INCOME INEQUALITY AND A POLITICAL DIVIDE

It is said that those who do not learn from history are doomed to repeat it. We can learn a great deal from the strong historic correlation between political polarization and income inequality.

Income inequality peaked in the early 20th century when the top 1% of the population claimed about 20% of total income. Political polarization peaked around the same time as fiscally conservative Republicans and their presidential candidate, Herbert Hoover, carried the 1928 Presidential election. This was before the stock market crash but already there was rising dissatisfaction with income inequality. White southern farmers (Most blacks were barred from voting.) were pushing for increased federal regulation of banks, financial institutions and railroads that were thought to be profiting unfairly from the work of others. Organized labor gained traction among industrial workers who felt abused by their employers.

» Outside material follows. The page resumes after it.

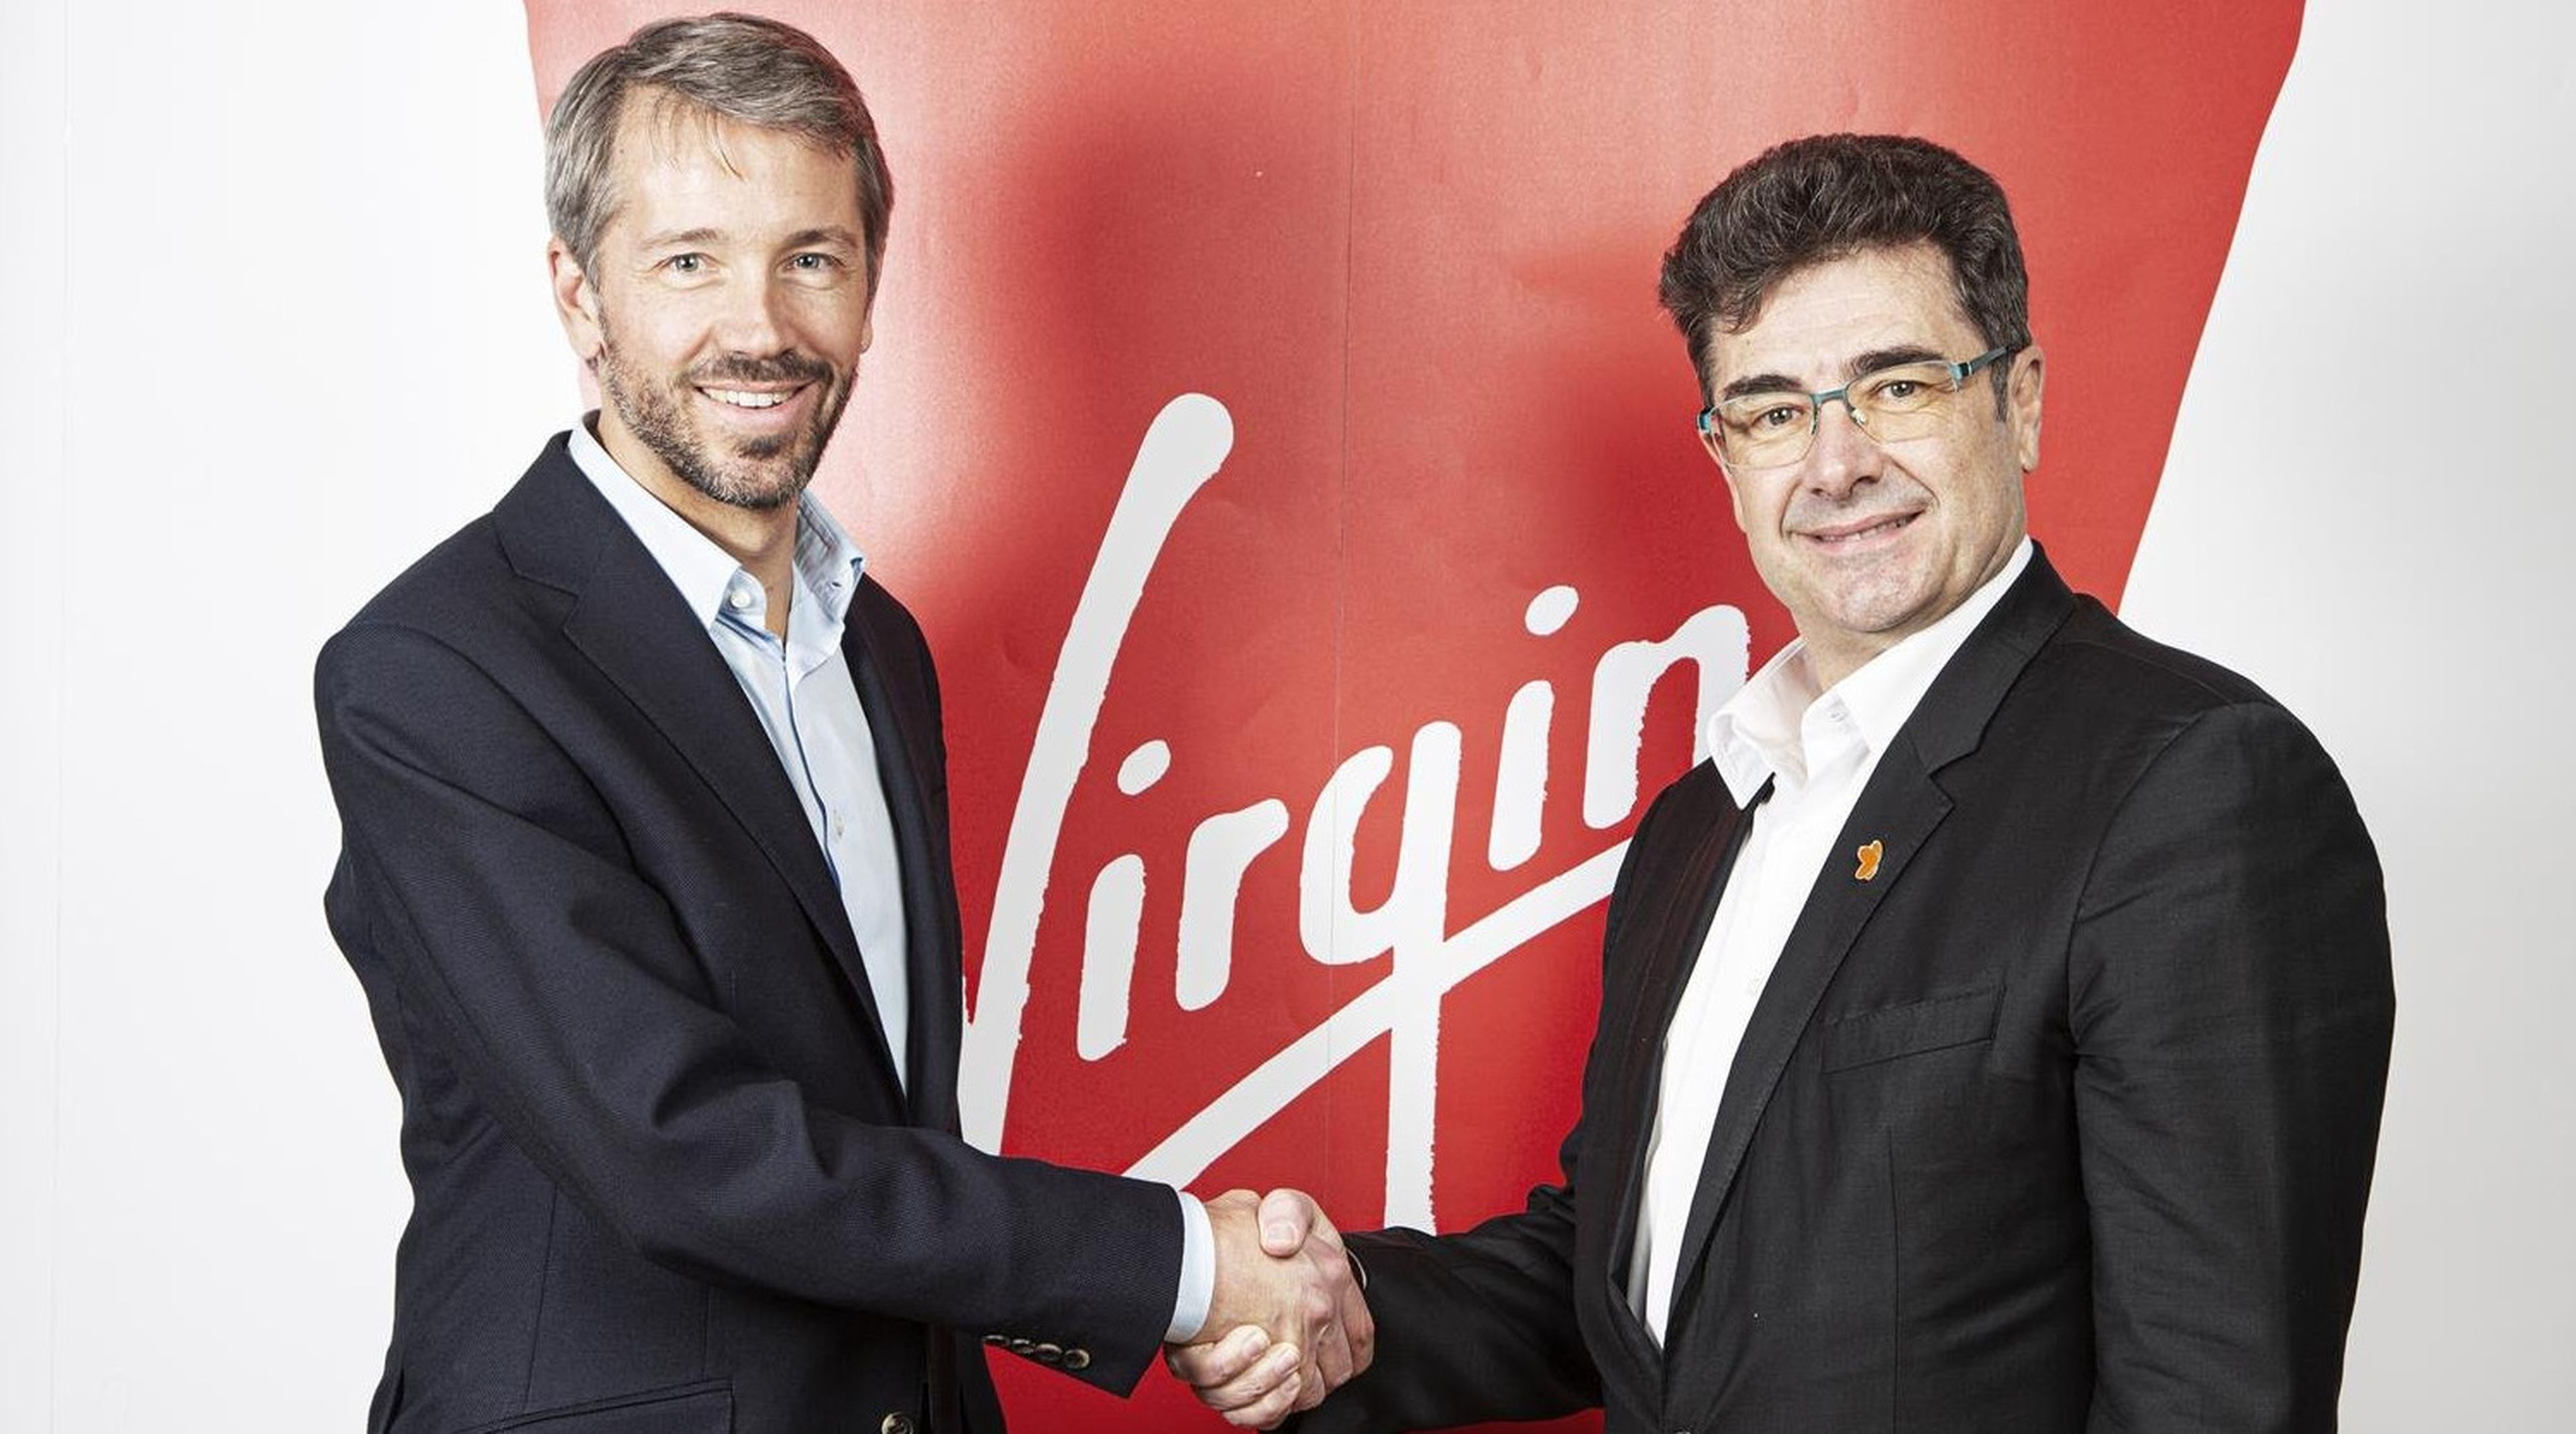 Josh Bayliss, CEO del Grupo Virgin, y José Miguel García, CEO del Grupo Euskaltel

Conflict was widespread as workers banded together for higher wages and better working conditions while their employers arranged for police or private armed forces to attack strikers and organizers. In 1929, National Guard and local police intervened to end a textile mill strike in Gastonia NC, resulting in the shooting deaths of several strikers and a law enforcement officer. Bloodshed was more common in northern industrial centers.

Workers formed unions because their work was dangerous, provided no job security and they could not decently support families on what they earned. In 1912, a Socialist third party candidate garnered 6% of the popular vote for President. The “Farmer-Labor Party” gained fringe popularity along with socialist and communist movements. By 1930, the Depression was severe and FDR was elected President, subsequently passing his New Deal programs including federal economic stimulus, massive public works projects, Social Security, and strong regulation of banks. Thus began a painfully slow recovery which was not complete until the WWII effort brought full employment.

Today the share of national income enjoyed by the top 1% is again around 20% and political polarization is at its highest level since 1900. Conservatives have blamed unions for economic woes and more recently have succeeded in changing laws to make it harder for workers to organize; but labor activity is on the rise among low wage workers. Like their predecessors a century ago, they find it impossible to participate in modern society on their wages. Even among those who have jobs, hunger and homelessness are rising. Politicians respond that they would like to do something to help but they don’t have enough money. That response comes resoundingly from Republicans but also from Democrats.

Explanations of why there is not enough money ring hollow when the incomes of the top 1% continue to rise while the wages for labor stagnate or shrink. Teachers and many white collar workers are similarly affected. One factor contributing to the rapid growth of income among the wealthy while others see no increase is the more than 50% reduction in tax rates for the wealthy since their 20th century peak. Our budgets were balanced and our middle class grew to its largest size when taxes were higher. Poverty was shrinking; unemployment was low; and public education was a source of national pride.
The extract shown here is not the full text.